* Information provided
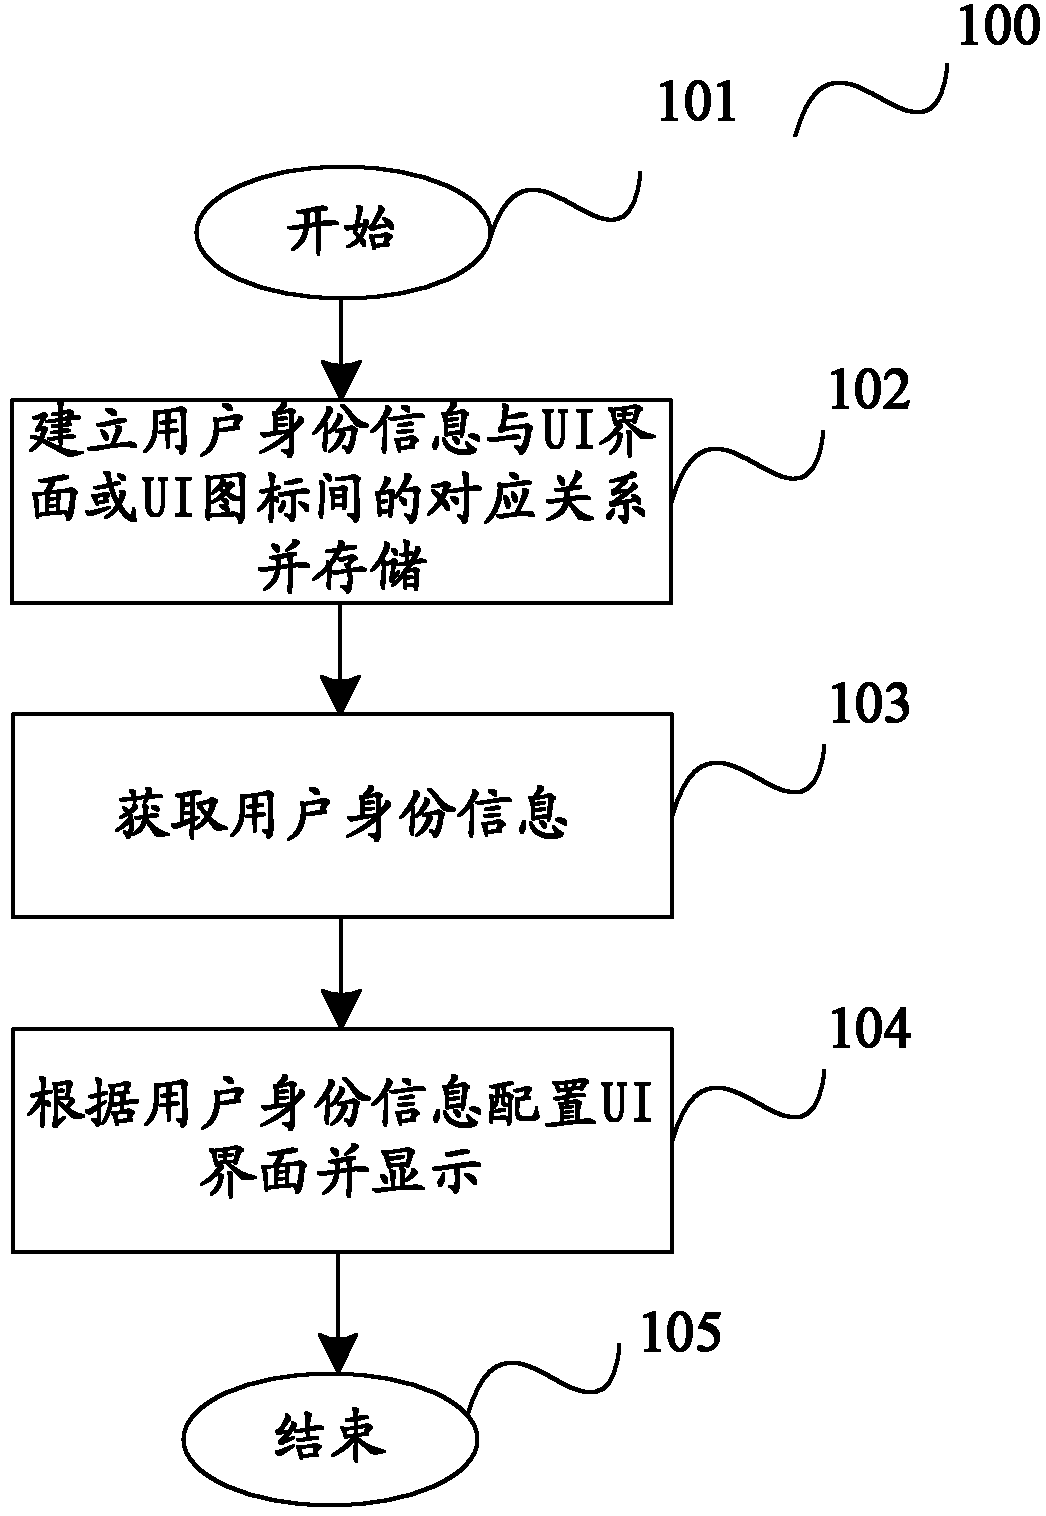 Method for allocating user interface of terminal equipment and terminal equipment
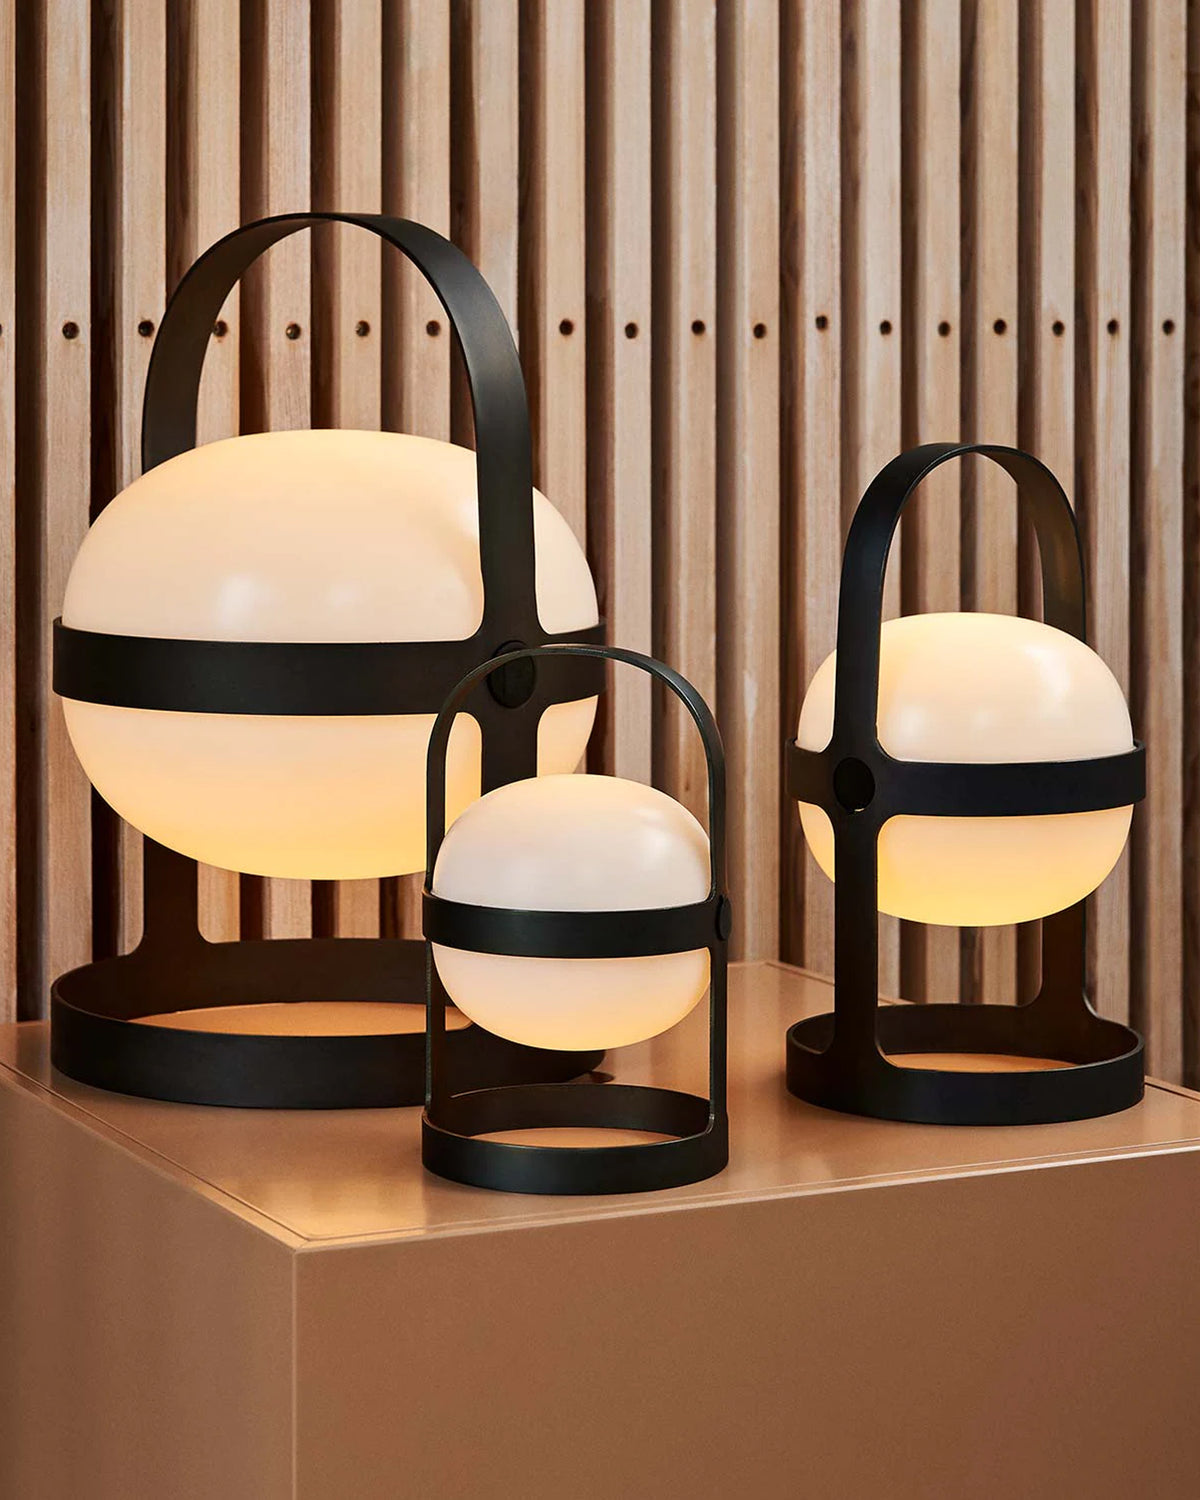 Create a cosy atmosphere for kids indoors or outdoors with this portable lantern. Use it on the verandah, around the pool, in a bookcase or next to your kids bed. The floating, moon shaped ball, is encased in a powder coated metal frame which protects the light and acts as a base and handle. The lamp can be charged with either USB or solar energy.
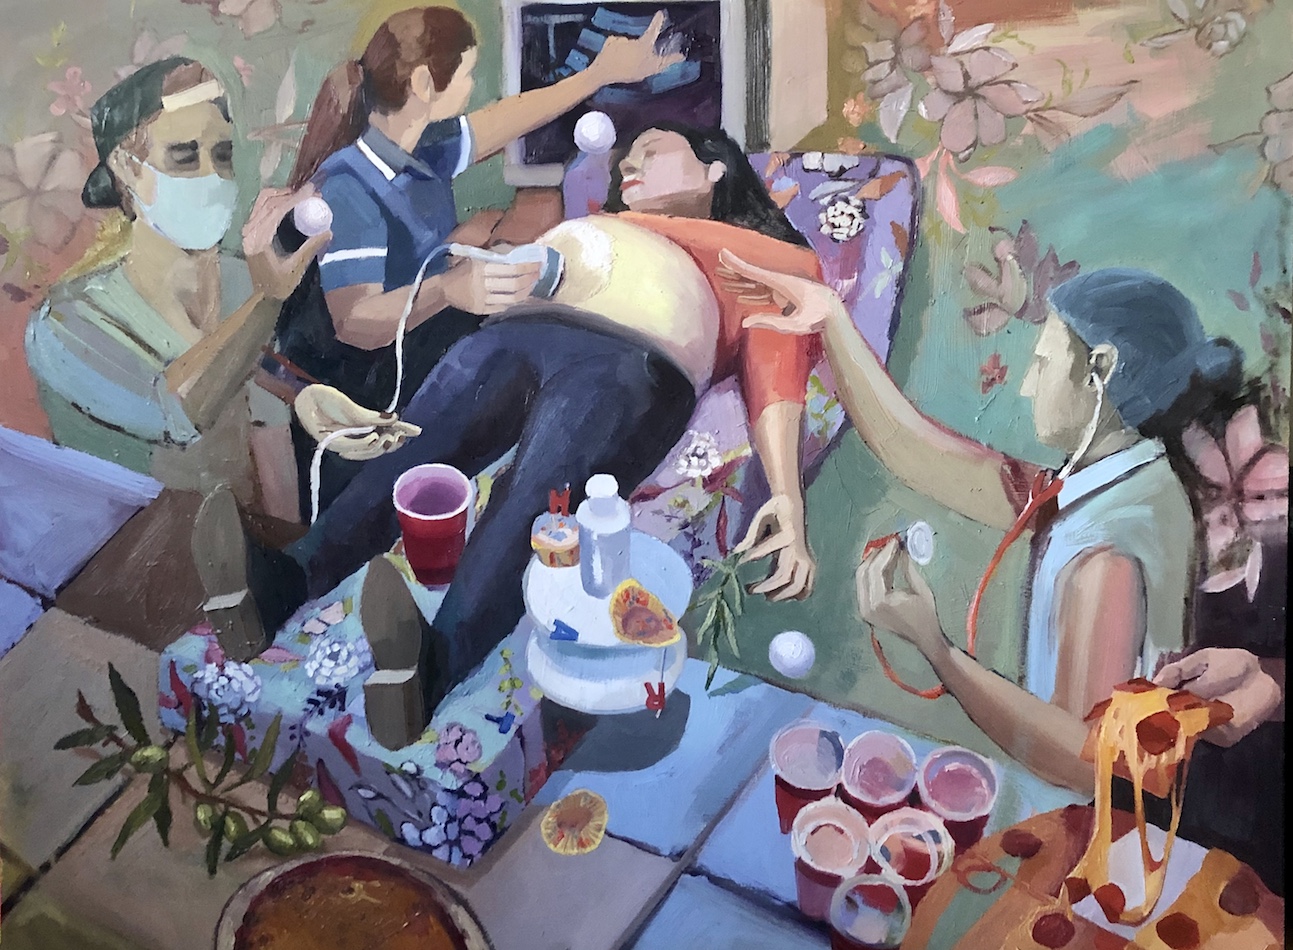 Women laying on a medical bed getting an ultrasound by a nurse. A red solo cup is between pregnant woman’s legs. The nurse is pointing to the ultrasound screen behind the laying woman’s head. The bed has a floral design that also fades into the background of the painting. Two young men are playing beer pong in front of the bed. They are wearing medical equipment. A facemask, hairnet, and a stethoscope. The beer pong table is covered in eaten pizza and cupcakes. The woman is holding an olive branch in between her fingers and there is another olive branch under her feet.

* Work task
For this exercise, copy each line of the data above exactly, from the first through the line containing "Create a cosy", and drop the pictures.

* Solved exercise
 Method for allocating user interface of terminal equipment and terminal equipment
 Create a cosy atmosphere for kids indoors or outdoors with this portable lantern. Use it on the verandah, around the pool, in a bookcase or next to your kids bed. The floating, moon shaped ball, is encased in a powder coated metal frame which protects the light and acts as a base and handle. The lamp can be charged with either USB or solar energy.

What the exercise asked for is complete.